Accordingly, factors associated with HCV-infection rather than a direct effect of HCV-infection on bone health, seem to be main determinants of fracture risk. Albeit not a significant finding in adjusted analyses, viremic patients had approximately 20% higher risk of low-energy fracture than non-viremic patients, thus our study cannot discard that chronic HCV-infection per se also exerts negative effects on bone metabolism and thereby fracture risk, especially, when taking into account the rather few patients at the end of follow-up.
Recently, another large cohort study examined fracture risk in HCV-infected patients; this study found that HCV-infected persons had increased risk of hip fracture with a hazard ratio of 2.69 (adjusted hazard ratio of 1.47) compared with uninfected individuals [7]. The risk estimates are comparable with our results as we found a 2.96 fold increased risk of all low-energy fractures in HCV-exposed patients (adjusted IRR of 2.13). Lo Re and co-authors only reported data for hip fractures, and they did not report result according to HCV RNA status. Only two small studies in selected groups of post-menopausal women have previously compared fracture rates in patients with chronic vs. cleared HCV-infection. In contrast to our results, these studies found significantly increased fracture risk in HCV RNA-positive women compared with HCV RNA-negative women. The results may have been hampered by small number of endpoints [4] or may be confounded by shared risk factors for non-responding to interferon and being prone to fractures [36]. We did not specifically study postmenopausal women, but in stratified analyses, we found approximately the same relative risk estimates among persons older than 50 years or in women when comparing chronic vs. cleared HCV-infection.

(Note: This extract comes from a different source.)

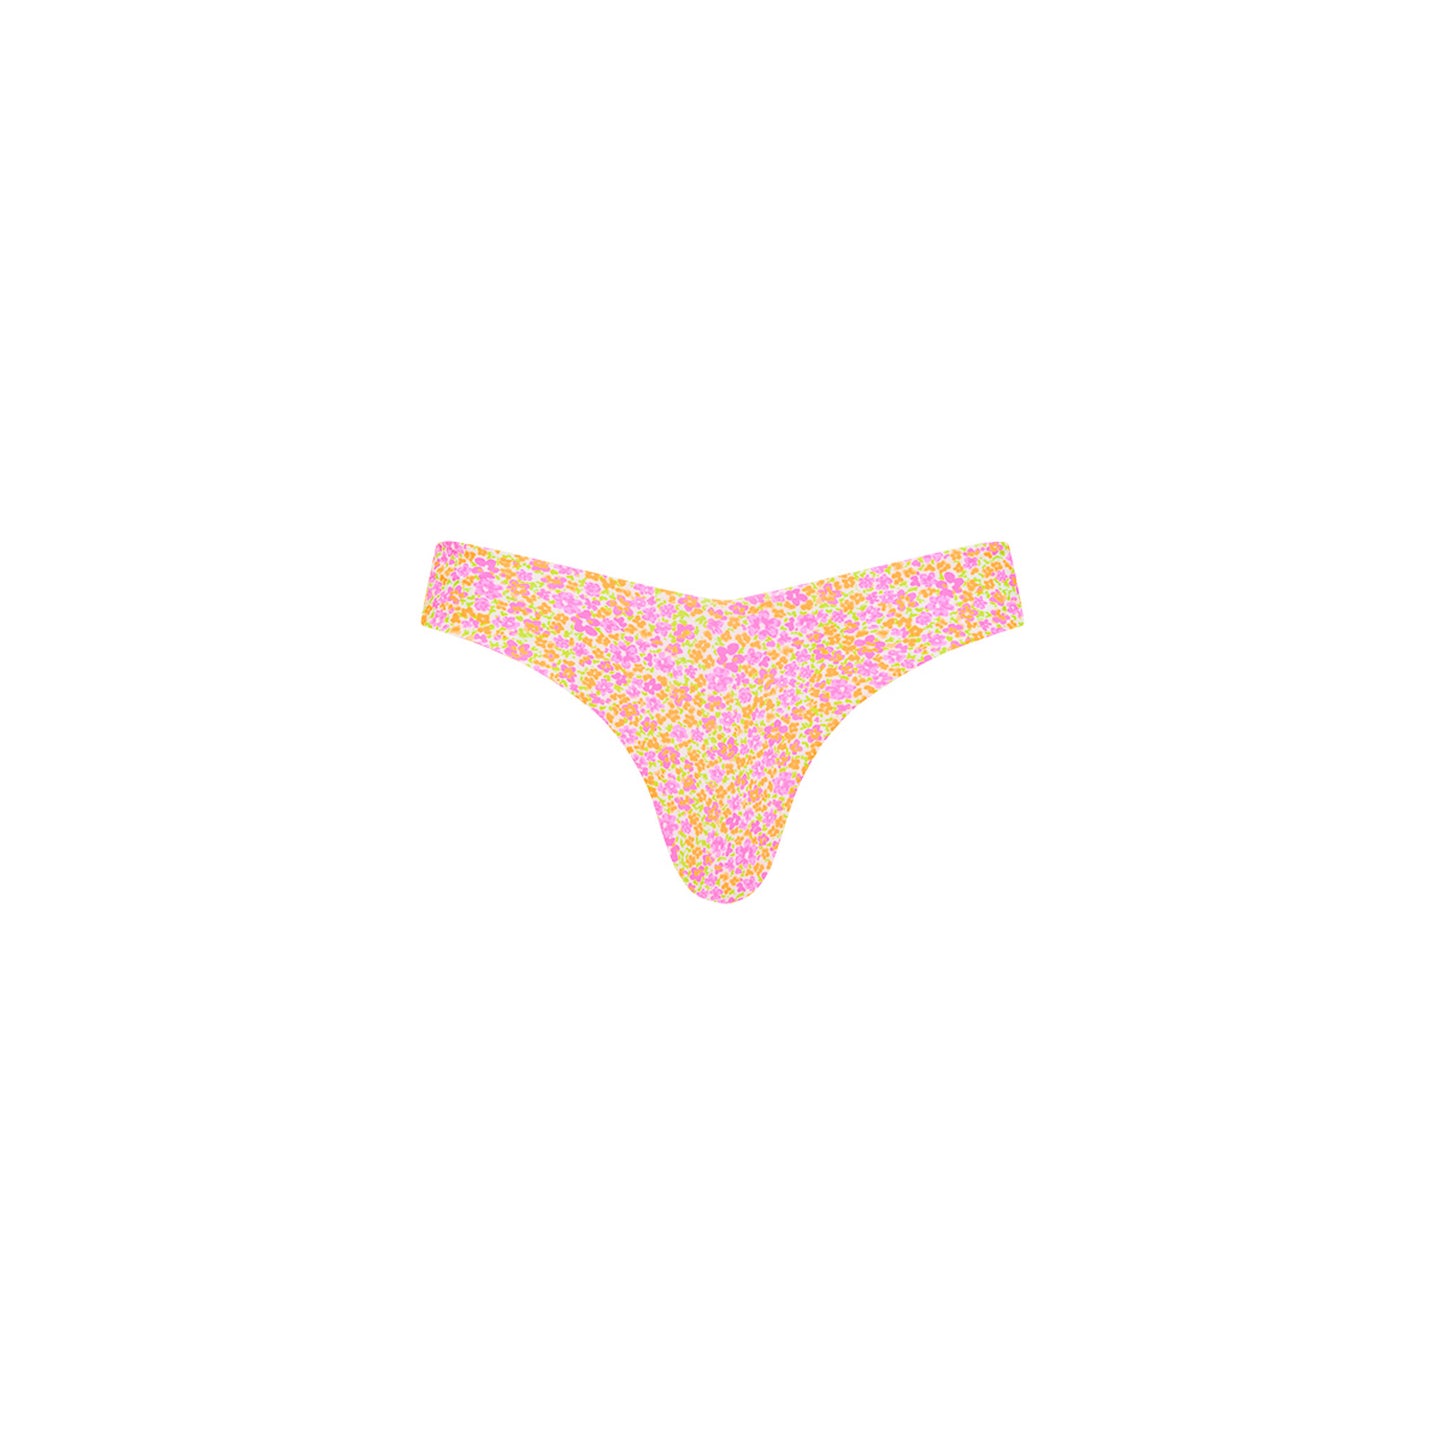 Kulani Kinis Cheeky V Bikini Bottom - Champagne Blossom (Coconut Cove Collection)

To our knowledge, this is the first large-scale cohort study designed to compare fracture risk in viremic vs. non-viremic HCV-infected patients. The strengths of our study also include the population-based design with unique linkage to validated national registries, which allowed for long and complete follow-up.
Our study also had limitations. We estimated fracture risk starting from time of diagnosis of HCV-infection as we were not able to determine the date of infection. Regular testing for HCV RNA subsequent to an initial diagnosis is not performed systematically in Denmark. Therefore, we could not model HCV viremia as a time updated variable and our analyses did not account for spontaneous or treatment-related viral clearance nor reinfection during follow-up. However, spontaneous clearance of HCV-infection mainly happens shortly after the initial acute phase of the disease and occurs infrequently in later phases of the disease [37]. In addition, during the study period, only a minority of Danish HCV-patients received antiviral treatment [13]. We did not exclude patients with a diagnosis of fracture before study inclusion. Fracture data were incomplete before 1995 as the DNHR only included data on outpatient and emergency patient visits since 1995. The interpretation of our results should also take into considerations that fracture before the age of 50 years rarely reflects osteoporosis [6]. Another potential shortcoming is inaccuracies in fracture diagnoses reported to DNHR. However, the positive predictive value of the diagnoses registered in DNHR is generally high (70%-99%) [38], and has for hip fractures been shown to be as high as 93% [39]. Another limitation is the lack of data on known risk factors for osteoporosis, such as menopause, medication and smoking. If these factors were distributed unequally between study groups, which is likely to be the case in sub study 1, but less likely in sub study 2, they might have affected the results.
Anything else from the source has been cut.